- [Action item]: Determine the number of lines in the data that contain "artist". Answer with that number only.

[Records excerpted from a collection]
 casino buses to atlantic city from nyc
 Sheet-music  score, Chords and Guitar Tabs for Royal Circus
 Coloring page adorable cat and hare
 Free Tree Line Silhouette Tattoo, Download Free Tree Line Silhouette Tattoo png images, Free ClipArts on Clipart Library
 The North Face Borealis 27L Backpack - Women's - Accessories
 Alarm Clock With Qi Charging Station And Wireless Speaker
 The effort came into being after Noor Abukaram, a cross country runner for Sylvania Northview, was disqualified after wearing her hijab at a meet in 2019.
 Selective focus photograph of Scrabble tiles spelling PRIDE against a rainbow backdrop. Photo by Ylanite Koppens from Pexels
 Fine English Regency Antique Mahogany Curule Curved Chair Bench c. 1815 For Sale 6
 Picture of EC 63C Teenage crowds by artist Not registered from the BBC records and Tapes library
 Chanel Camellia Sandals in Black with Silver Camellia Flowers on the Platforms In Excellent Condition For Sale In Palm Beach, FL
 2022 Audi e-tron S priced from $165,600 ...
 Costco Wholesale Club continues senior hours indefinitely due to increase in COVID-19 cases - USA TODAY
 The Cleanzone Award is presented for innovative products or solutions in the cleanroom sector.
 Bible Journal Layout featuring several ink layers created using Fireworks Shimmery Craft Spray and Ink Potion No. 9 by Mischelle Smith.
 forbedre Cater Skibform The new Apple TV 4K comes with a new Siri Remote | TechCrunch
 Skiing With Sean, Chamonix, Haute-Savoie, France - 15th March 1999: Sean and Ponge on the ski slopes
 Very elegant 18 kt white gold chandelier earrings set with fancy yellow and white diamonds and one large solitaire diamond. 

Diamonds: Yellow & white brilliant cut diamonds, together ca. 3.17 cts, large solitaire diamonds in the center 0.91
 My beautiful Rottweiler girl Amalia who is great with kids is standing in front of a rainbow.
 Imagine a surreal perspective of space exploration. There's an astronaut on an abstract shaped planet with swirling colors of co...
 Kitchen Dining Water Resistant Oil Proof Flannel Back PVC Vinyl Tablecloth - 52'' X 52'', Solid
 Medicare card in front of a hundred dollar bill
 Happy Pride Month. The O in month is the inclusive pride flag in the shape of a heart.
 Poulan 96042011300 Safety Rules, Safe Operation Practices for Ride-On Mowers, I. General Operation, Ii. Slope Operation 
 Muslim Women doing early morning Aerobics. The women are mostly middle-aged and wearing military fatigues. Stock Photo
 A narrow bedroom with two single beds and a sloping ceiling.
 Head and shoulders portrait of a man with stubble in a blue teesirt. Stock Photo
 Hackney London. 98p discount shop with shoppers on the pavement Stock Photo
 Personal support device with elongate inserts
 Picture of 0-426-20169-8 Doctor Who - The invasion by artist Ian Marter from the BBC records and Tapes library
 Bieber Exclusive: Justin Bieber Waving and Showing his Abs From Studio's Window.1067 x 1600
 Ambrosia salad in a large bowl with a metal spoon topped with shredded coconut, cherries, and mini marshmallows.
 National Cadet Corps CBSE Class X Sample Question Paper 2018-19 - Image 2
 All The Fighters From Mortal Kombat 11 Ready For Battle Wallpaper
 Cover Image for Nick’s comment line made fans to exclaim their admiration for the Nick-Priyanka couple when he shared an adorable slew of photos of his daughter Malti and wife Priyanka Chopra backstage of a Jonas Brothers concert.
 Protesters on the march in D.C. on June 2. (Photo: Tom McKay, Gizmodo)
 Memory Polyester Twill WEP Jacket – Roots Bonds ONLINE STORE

- [Response area]: 2